If I thought you were sorry before, I was mistaken. I almost had to drag you up off the floor to stop the grovelling at my feet and self-flagellating. I'm not sure if you realized, but humans, even weensy ones who aren't finished gestating, can't actually absorb alcohol through the skin, so we're good. Your concern was touching, though. Once I managed to convince you that the baby and I were okay, one of you asked, "So, how far along are you? Like 3 months?" And then the other said, "I couldn't even tell." This, if you'll remember, was the part where I jumped across the the aisle and smothered you in kisses. (Note to self: in a few months, strike up conversations with massively pregnant women in the grocery store and ask them if they're in their second trimester yet. They might start tossing money and jewels.)

It was also pretty adorable when you started telling me about the people that you knew who were currently pregnant. It was hard to tell what you two were talking about, though, mostly because of the drunken incoherence and your apparent lack of experience with the whole pregnancy/birthing thing. I'm still curious about how your cousin who is five months along is one inch dilated. Besides the fact that dilation is measured in centimeters, you usually only talk about it while one is actively in labor.

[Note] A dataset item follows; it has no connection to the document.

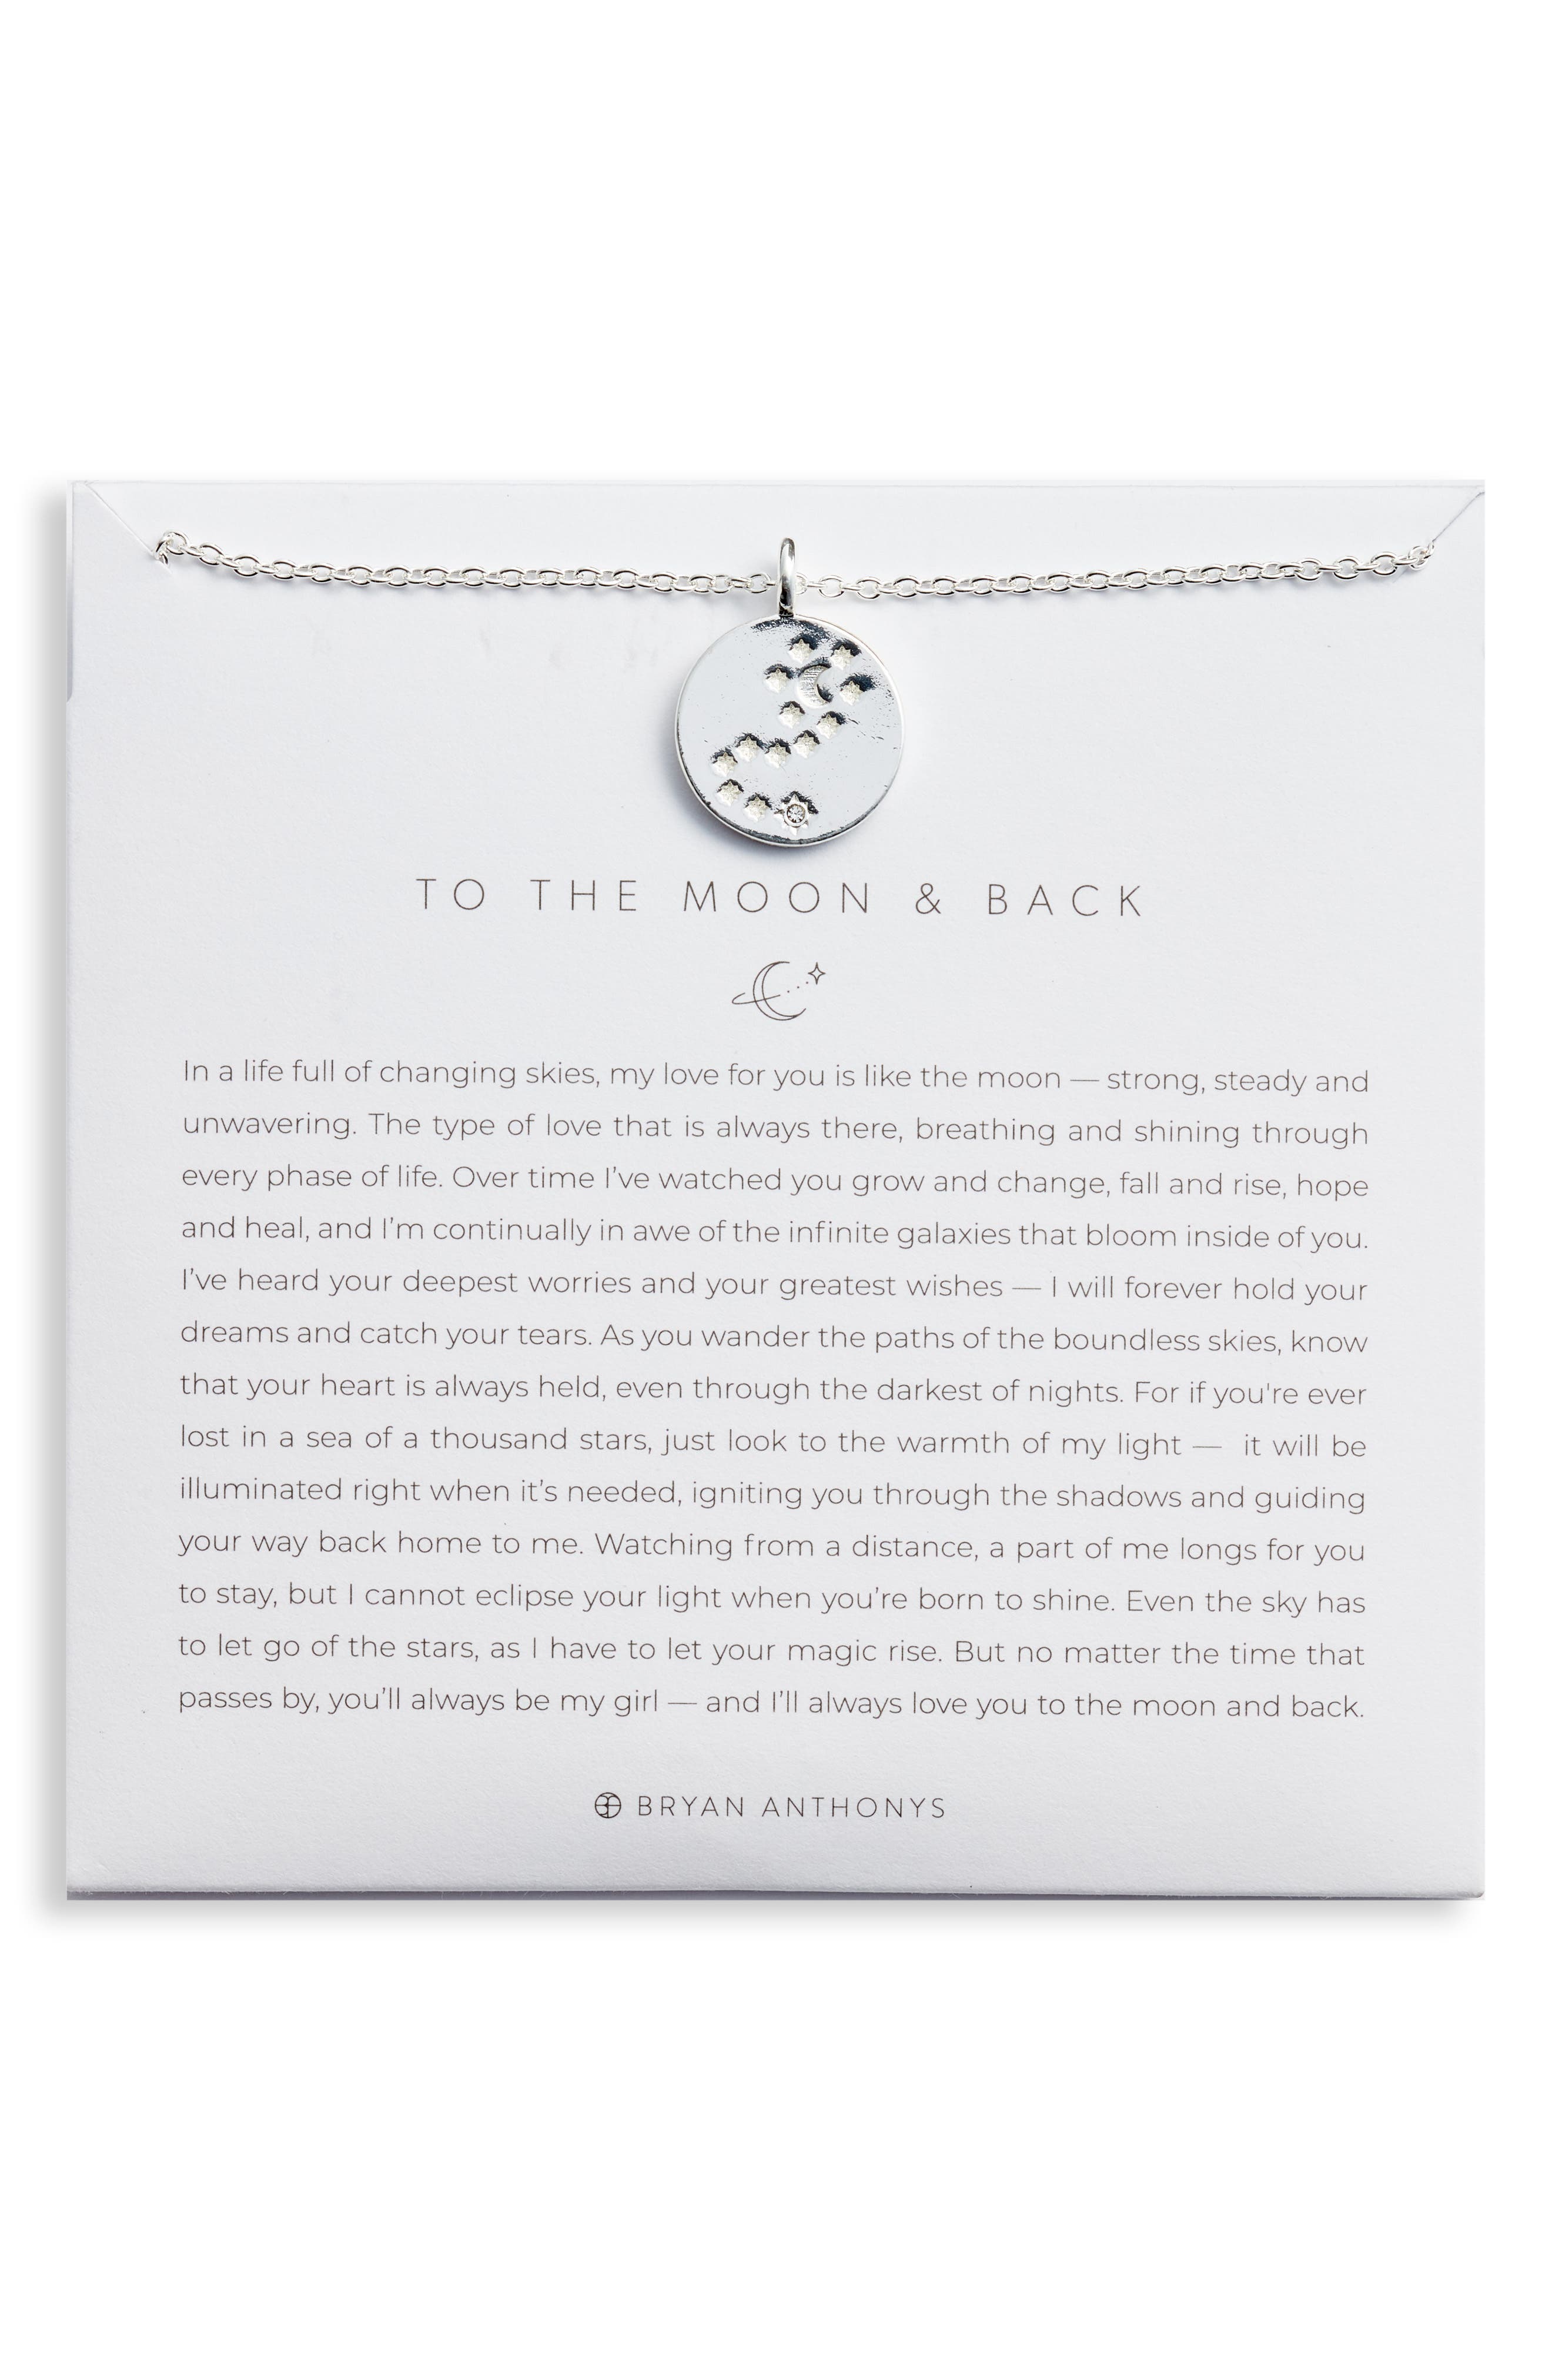 Bryan Anthonys To the Moon and Back Pendant Necklace in Silver at Nordstrom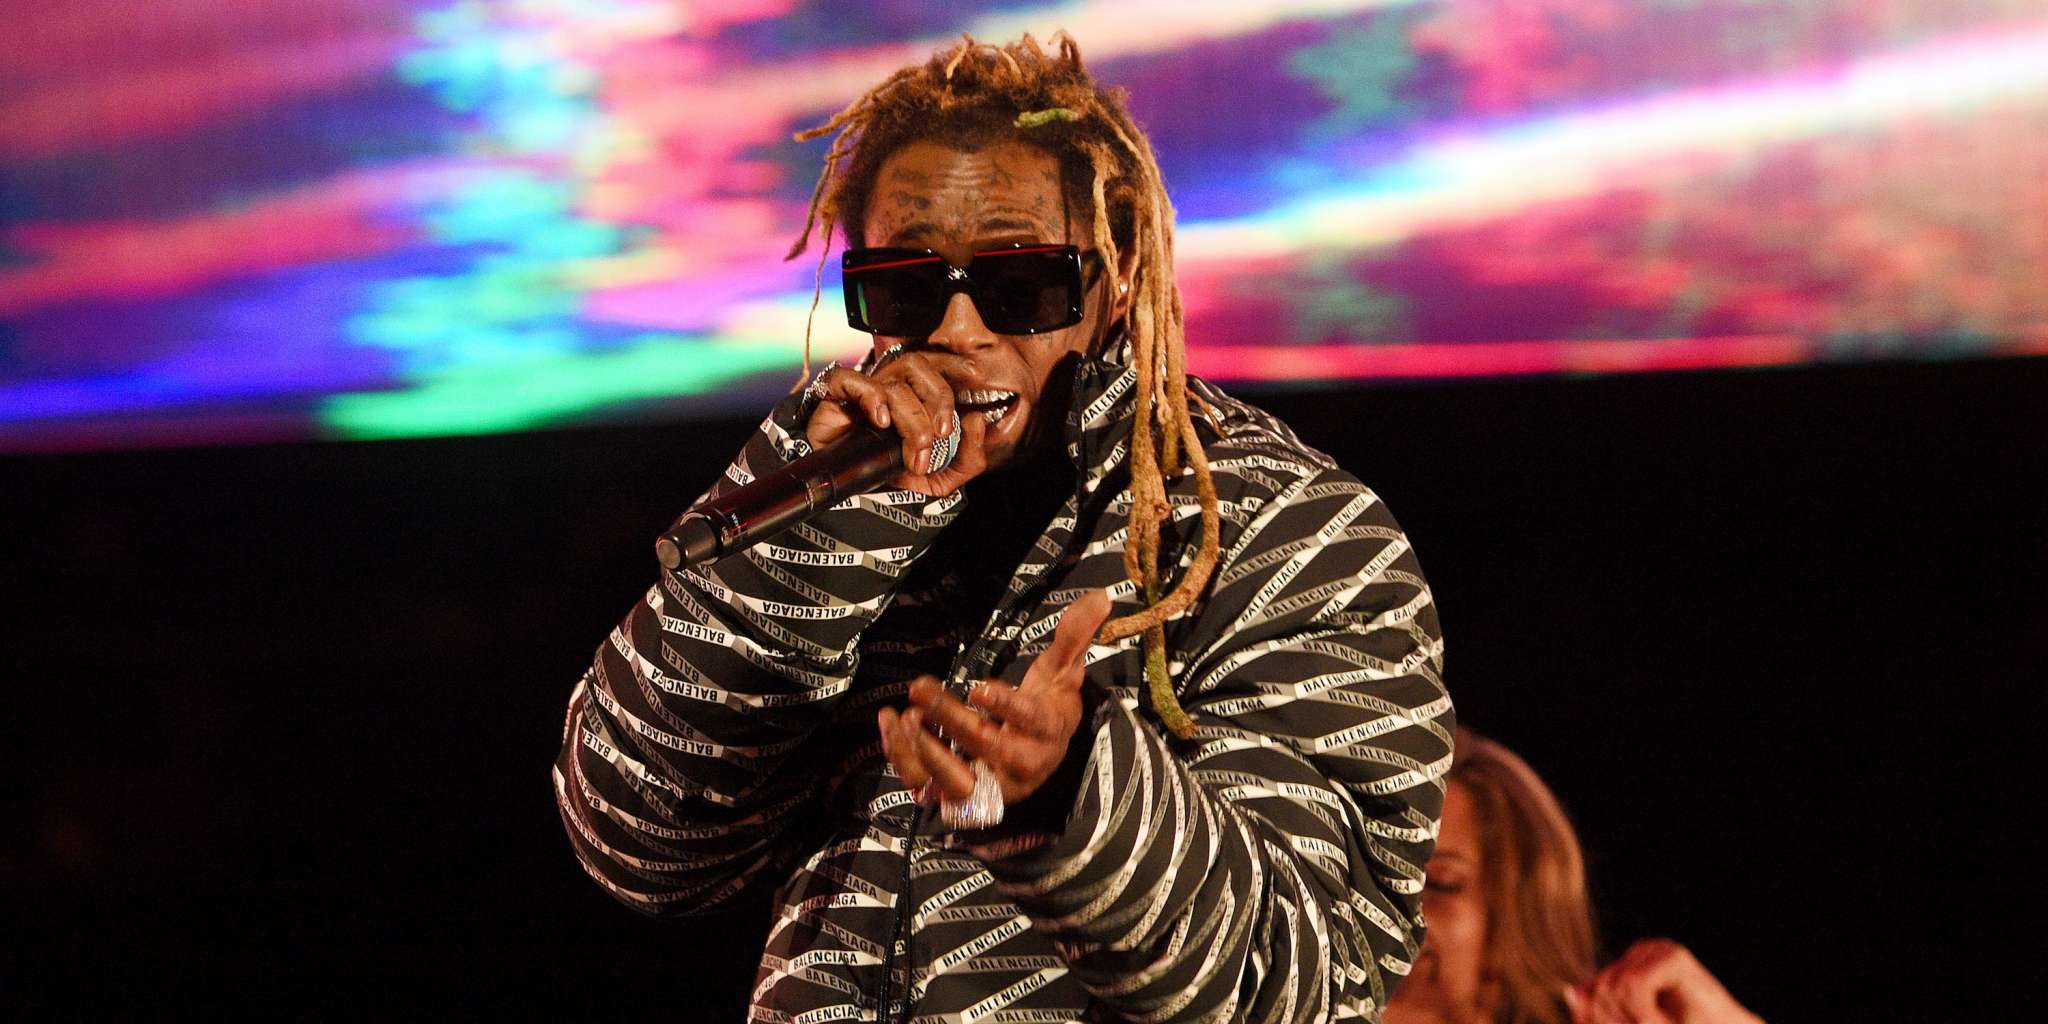 ”lil-wayne-is-in-the-spotlight-following-former-security-guards-accusations”

Finally, I wanted to thank you for leaping to my defense when your friend tried to sit in the seat across from me. It was unoccupied, but it was awfully nice of you to shout at him that I was pregnant. It's true; I could at any moment have gone into labor, and what would happen THEN if someone was sitting near me? I'm certain we avoided catastrophe, though narrowly.

So goodbye! I'll always remember the awe-struck look you gave my belly as we left. At least I think it was my belly you were looking at... it was a little hard to tell, what with the head-wobbling and the eye-crossing.